I was studying for my algebra exam when I came across this problem. It asked to find $[\mathbb{Q}(\sqrt[4]{5} i, \sqrt[3]{2} ): \mathbb{Q}]$ which was not a problem using towers.
The next two bits of the question I struggled on. It asked to show that $\sqrt[3]{2}\sqrt[4]{5} i $ is a primitive element of $\mathbb{Q}(\sqrt[4]{5} i, \sqrt[3]{2} )$. I suppose that I have to show that $\mathbb{Q}(\sqrt[4]{5} i, \sqrt[3]{2} ) = \mathbb{Q}(\sqrt[3]{2}\sqrt[4]{5} i)$. I'm not sure on how to start this.
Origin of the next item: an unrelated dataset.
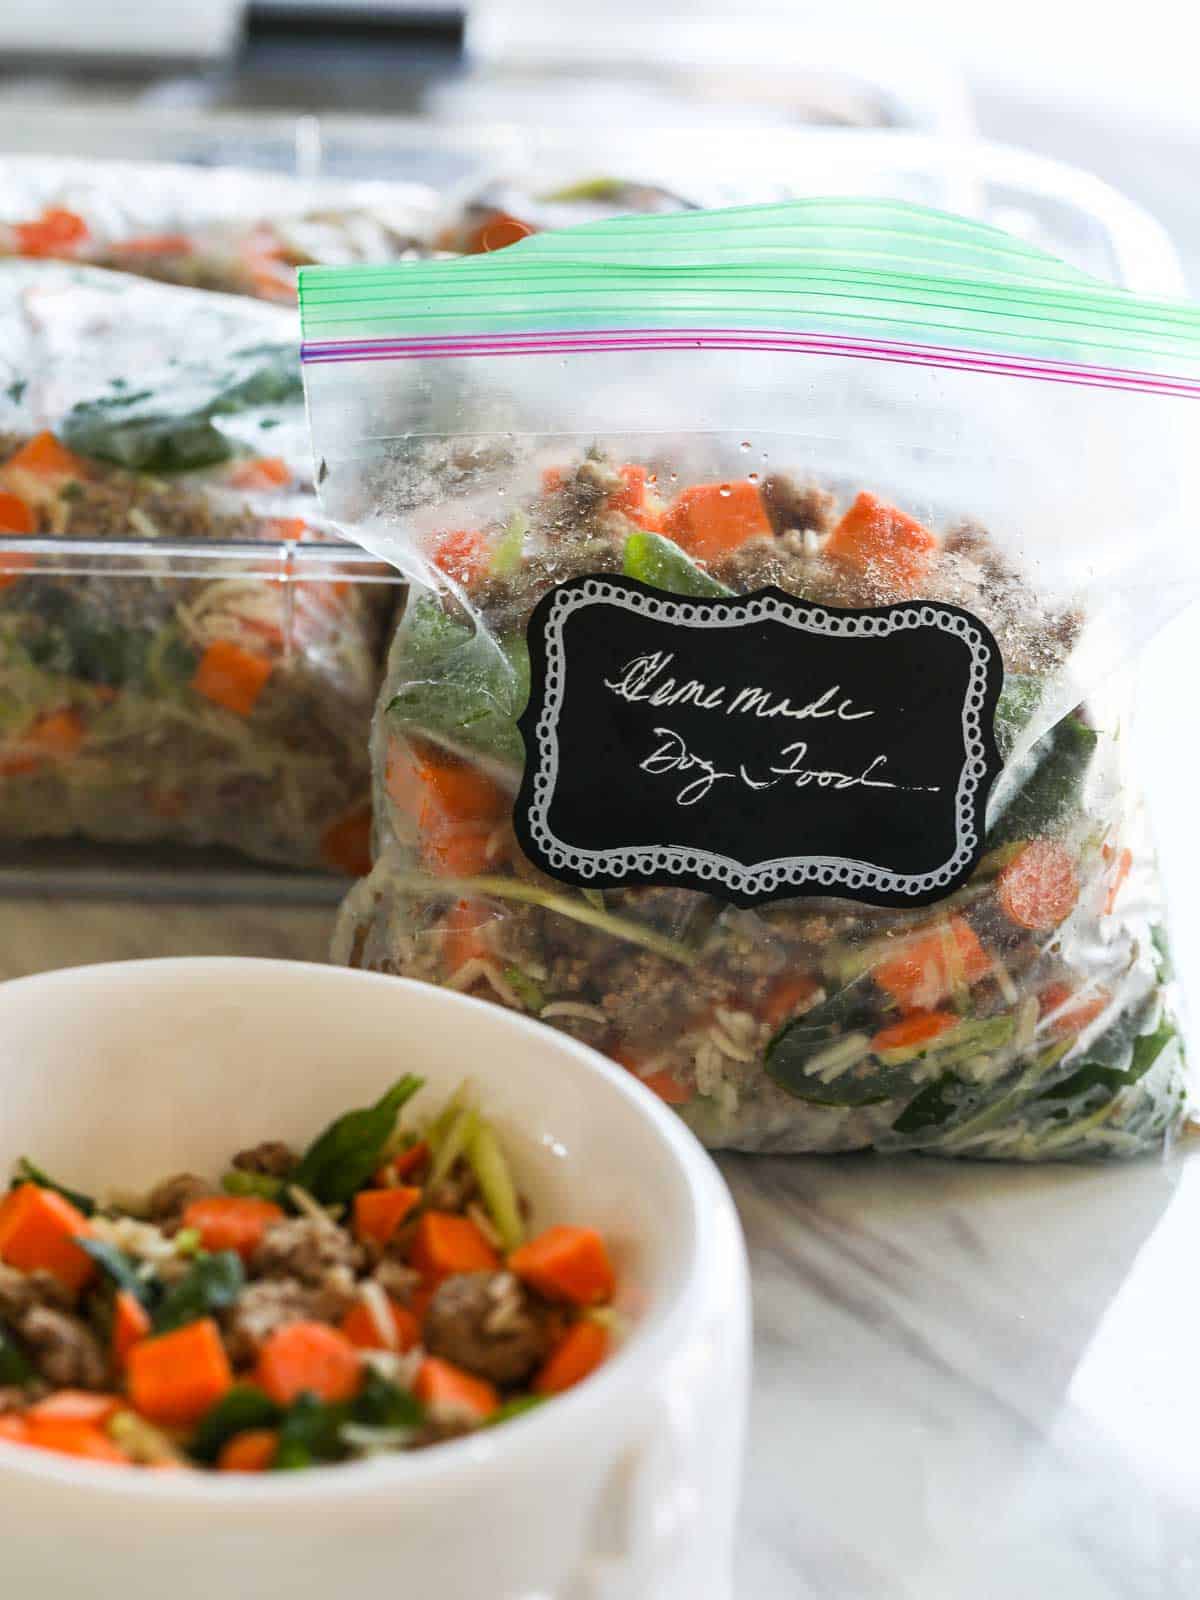 Healthy Dog Food Meal Prep: Homemade Dog Food for a Happy Pup - Creative in  My Kitchen
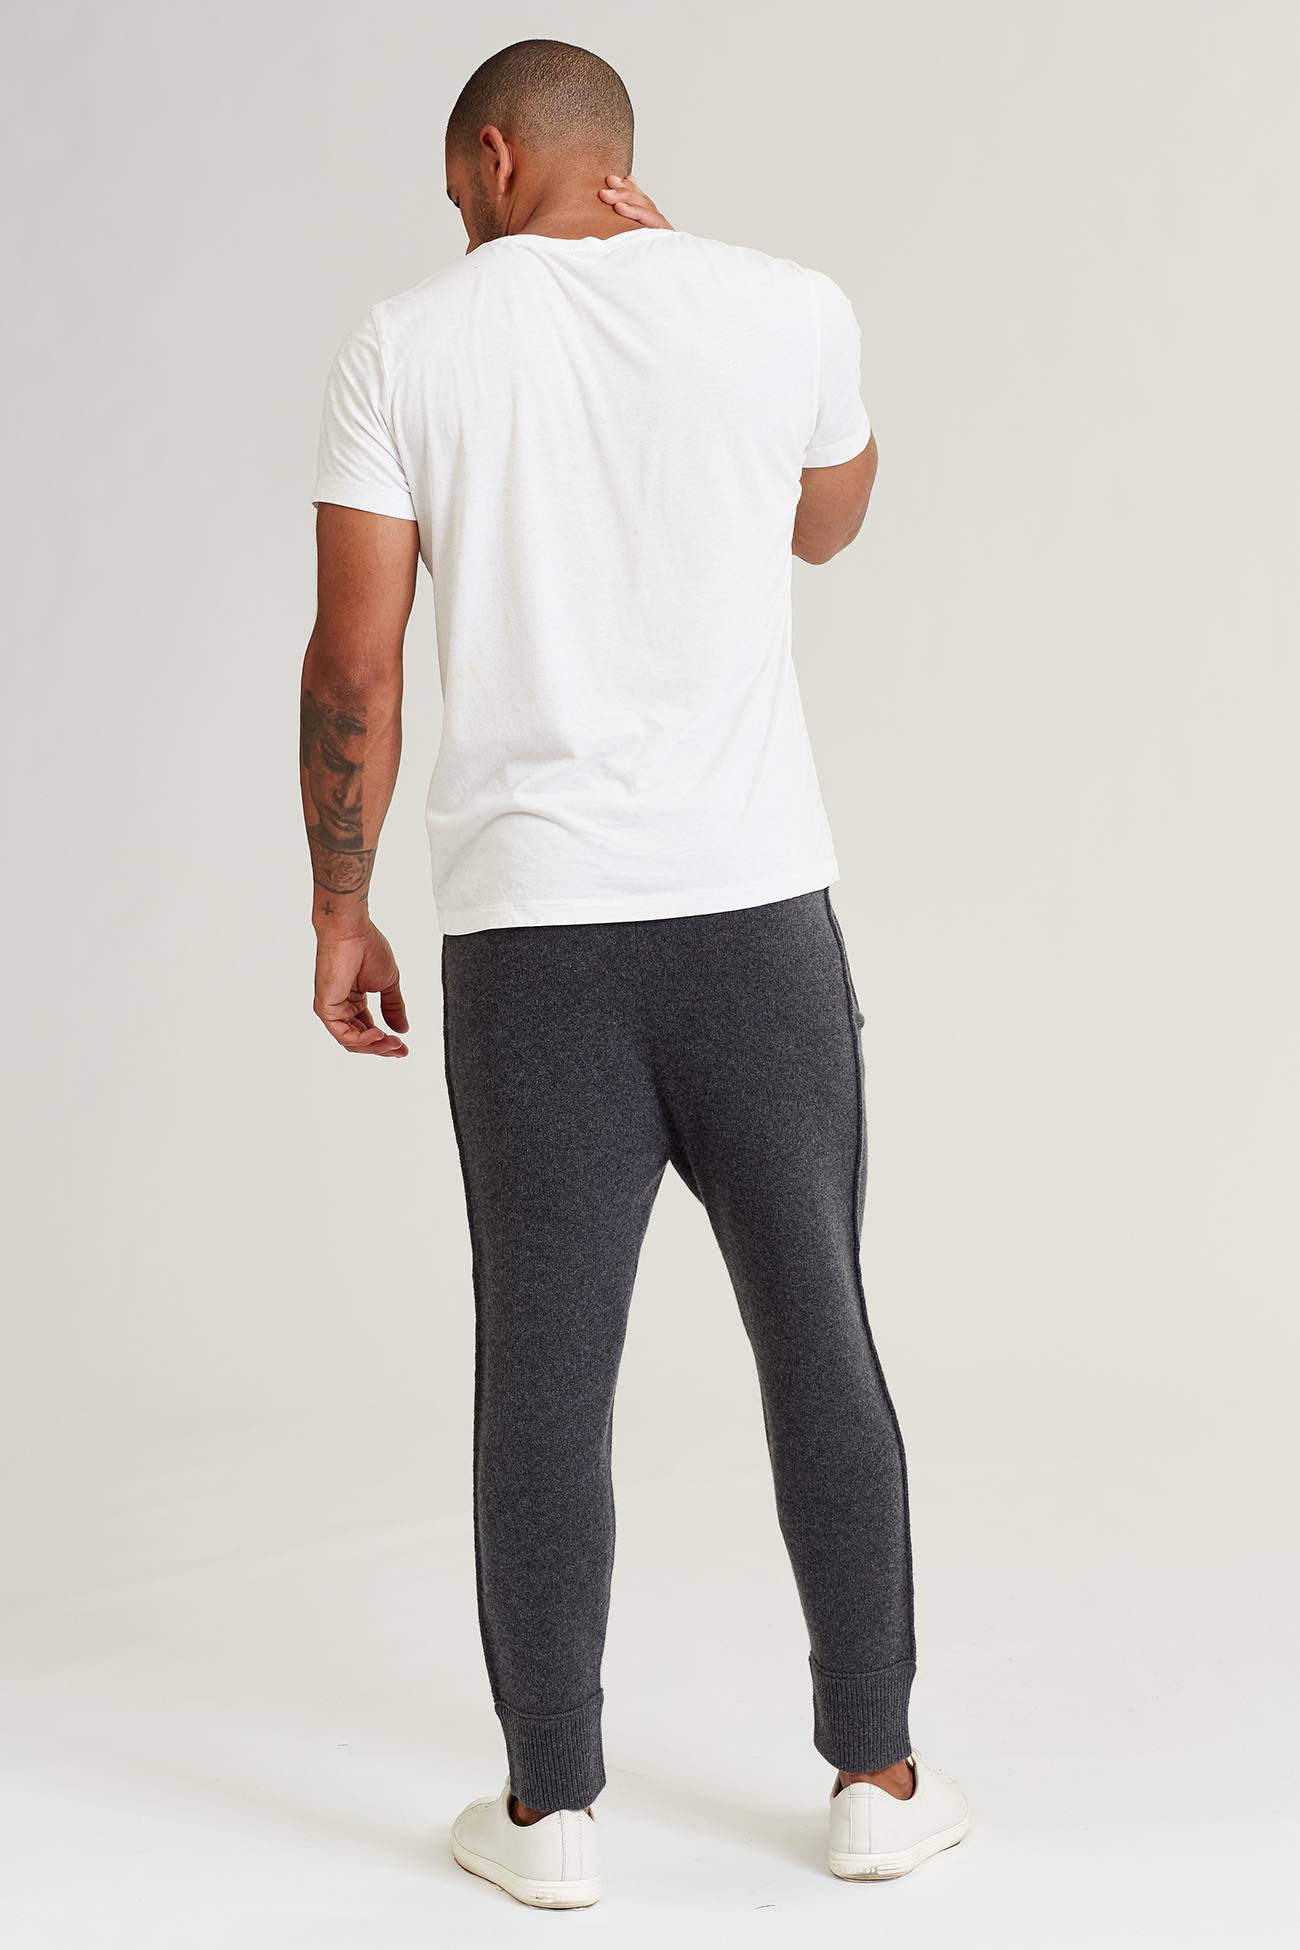 Download 33+ Mens Heather Cuffed Sweatpants Front Left Half-Side ...

The third part asks to find a minimal polynomial of $\sqrt[3]{2}\sqrt[4]{5} i$ over $\mathbb{Q}$ where again I am lost.
Any help is appreciated.
To show that $\mathbb{Q}(\sqrt[4]{5} i, \sqrt[3]{2} ) = \mathbb{Q}(\sqrt[3]{2}\sqrt[4]{5} i)$, you only need to show that both $\sqrt[4]{5} i$ and $\sqrt[3]{2}$ are in the field $\mathbb{Q}(\sqrt[3]{2}\sqrt[4]{5} i)$.
But this is easy: we have $(\sqrt[3]{2}\sqrt[4]{5} i)^4 = 10\sqrt[3]{2}$ and $(\sqrt[3]{2}\sqrt[4]{5} i)^9 = 200\sqrt[4]{5} i$, hence $\sqrt[3]{2} = \frac 1 {10}(\sqrt[3]{2}\sqrt[4]{5} i)^4$ and $\sqrt[4]{5} i = \frac 1{200} (\sqrt[3]{2}\sqrt[4]{5} i)^9$ are both in $\mathbb{Q}(\sqrt[3]{2}\sqrt[4]{5} i)$.
Finally, by the first two questions, it should be clear that the degree of $\mathbb{Q}(\sqrt[3]{2}\sqrt[4]{5} i)$ over $\Bbb Q$ is $12$. But the element $\sqrt[3]{2}\sqrt[4]{5} i$ is already root of a degree $12$ polynomial over $\Bbb Q$, namely $x^{12} - 2000$. Hence this is the minimal polynomial of $\mathbb{Q}(\sqrt[3]{2}\sqrt[4]{5} i)$ over $\Bbb Q$.